■ **Extracted records**:
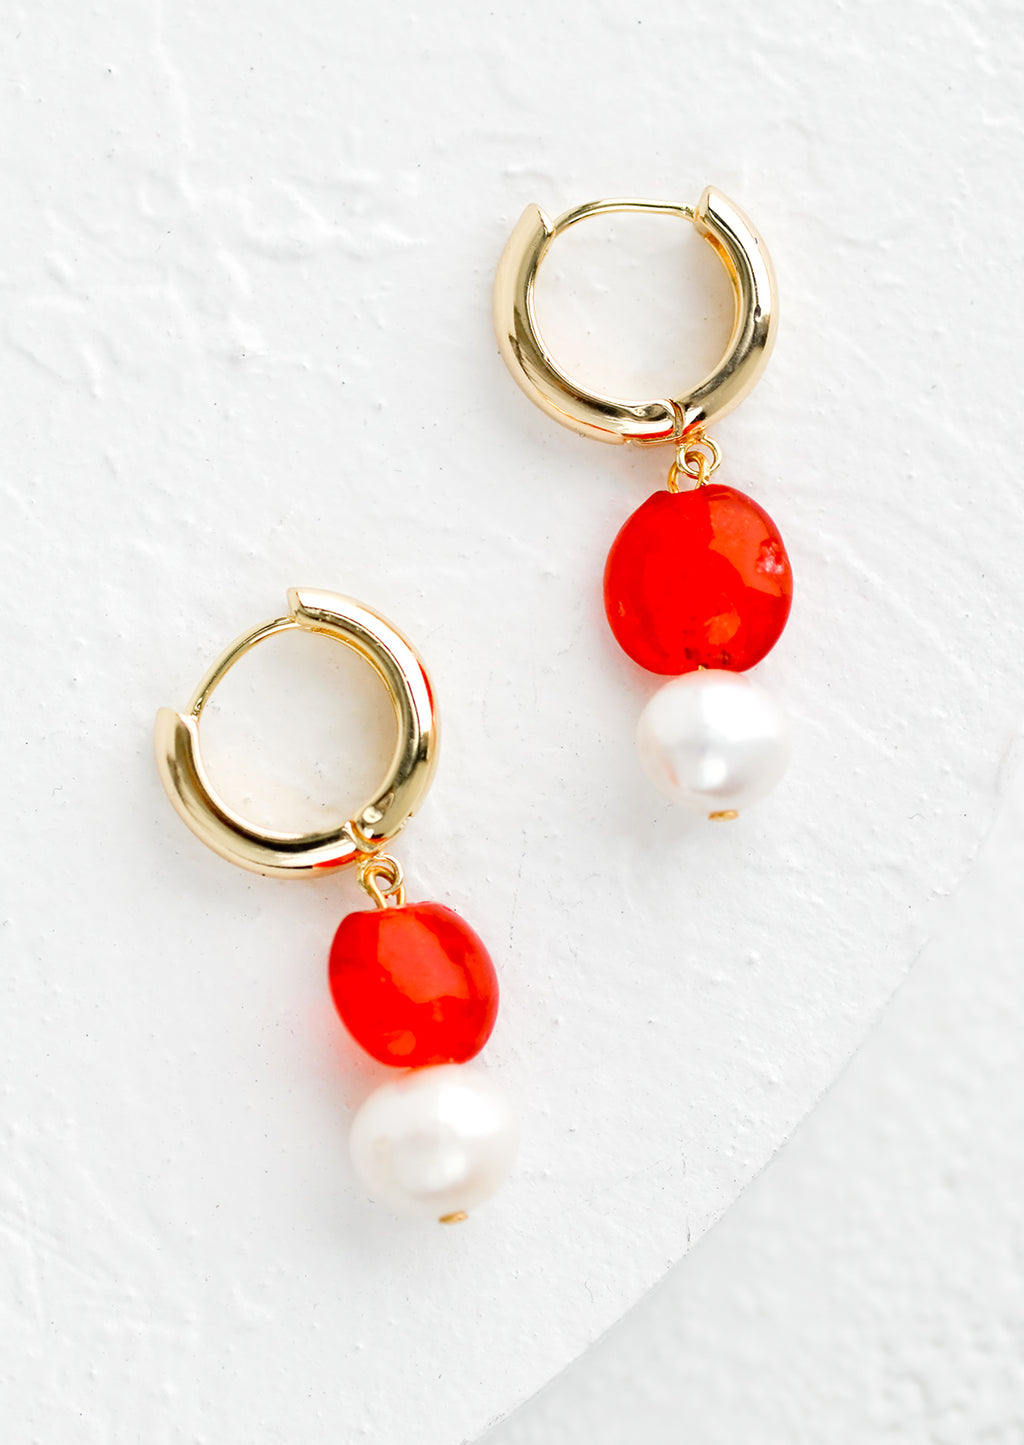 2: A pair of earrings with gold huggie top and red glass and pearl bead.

---

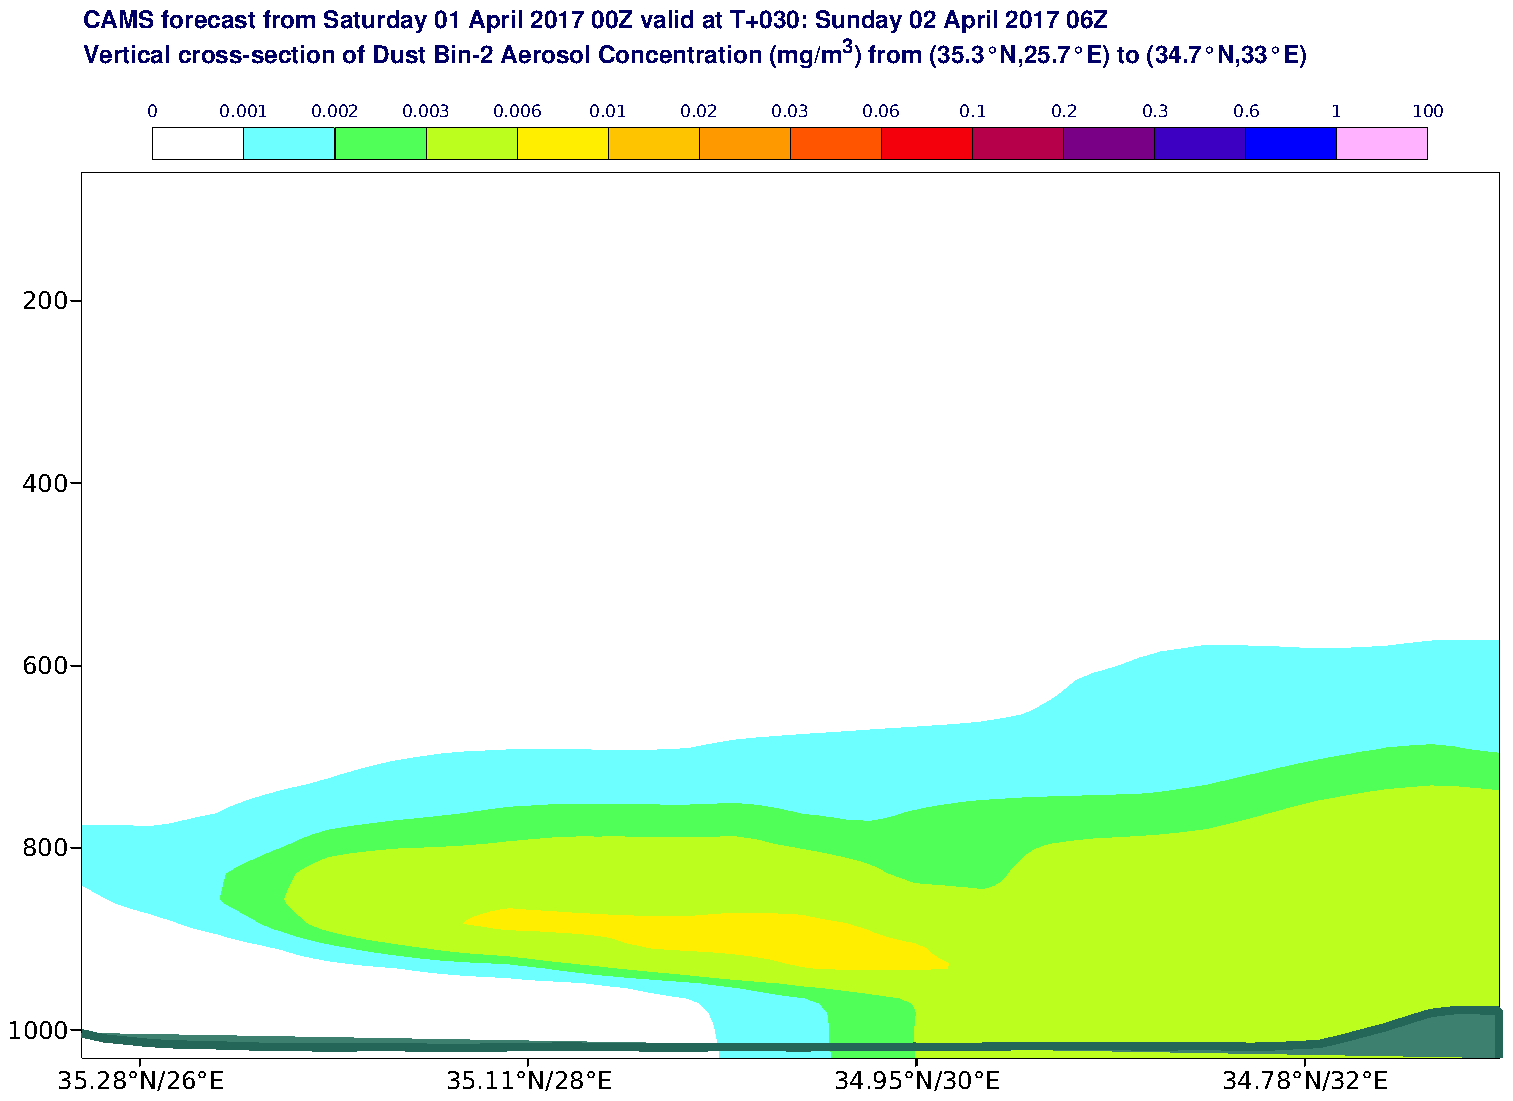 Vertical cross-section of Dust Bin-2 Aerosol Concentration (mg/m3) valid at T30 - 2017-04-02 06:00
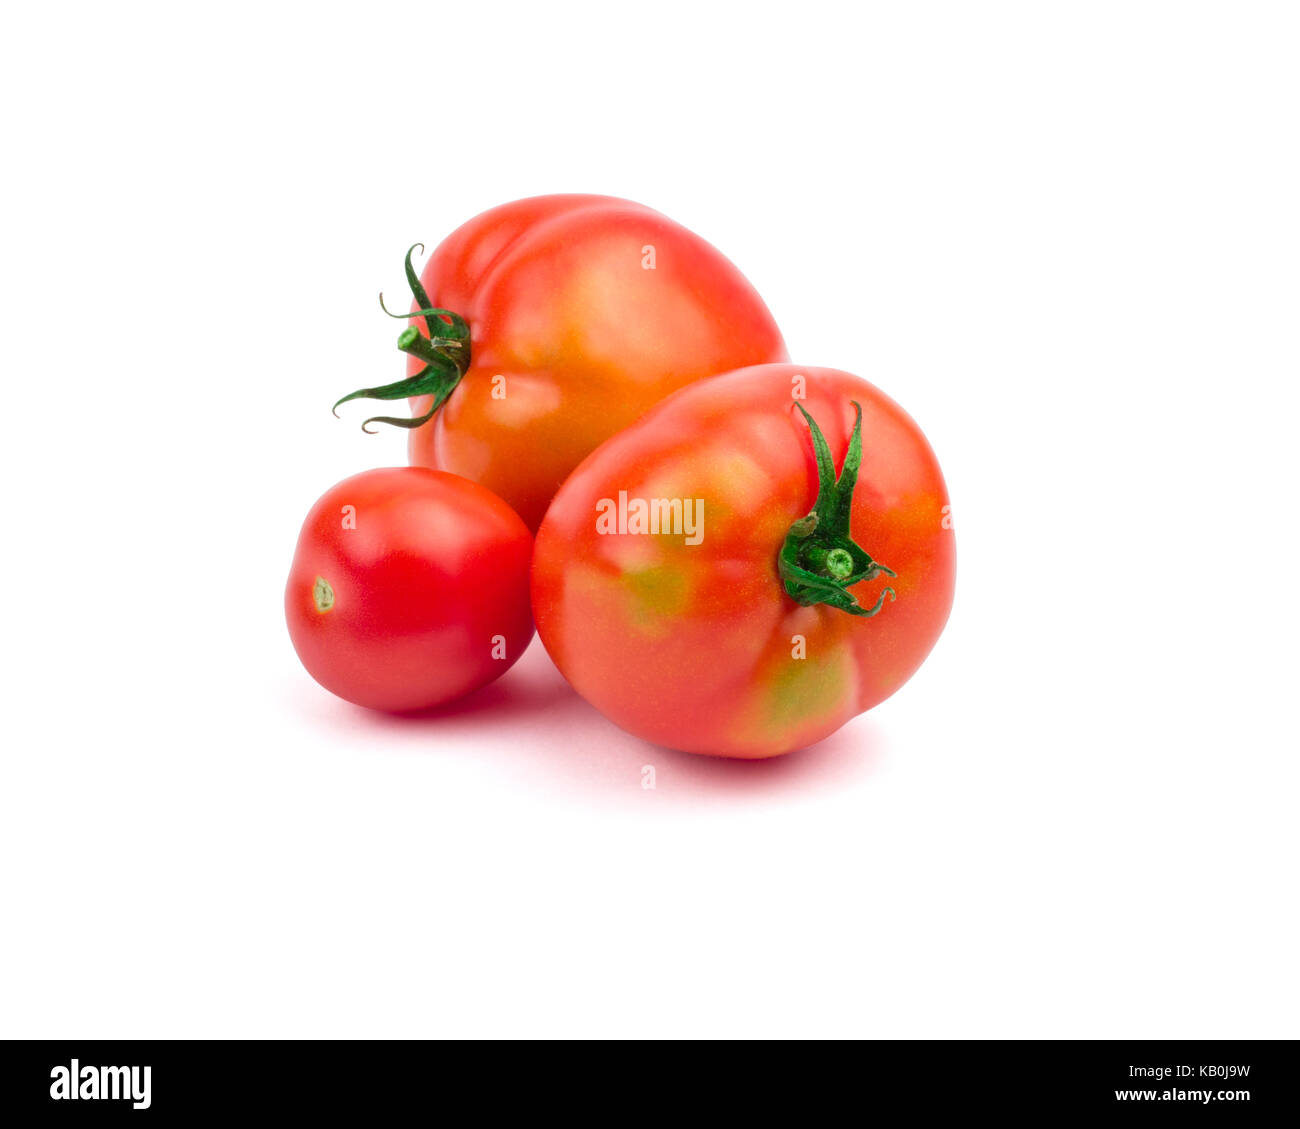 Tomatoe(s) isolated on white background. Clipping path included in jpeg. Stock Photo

■ **What is being asked**: From the data above, retype only the lines starting with the line with "Vertical cross-section of" and going on through the line with "Tomatoe(s) isolated on", exactly, leaving out the pictures.

■ **Exercise result**:
 Vertical cross-section of Dust Bin-2 Aerosol Concentration (mg/m3) valid at T30 - 2017-04-02 06:00
 Tomatoe(s) isolated on white background. Clipping path included in jpeg. Stock Photo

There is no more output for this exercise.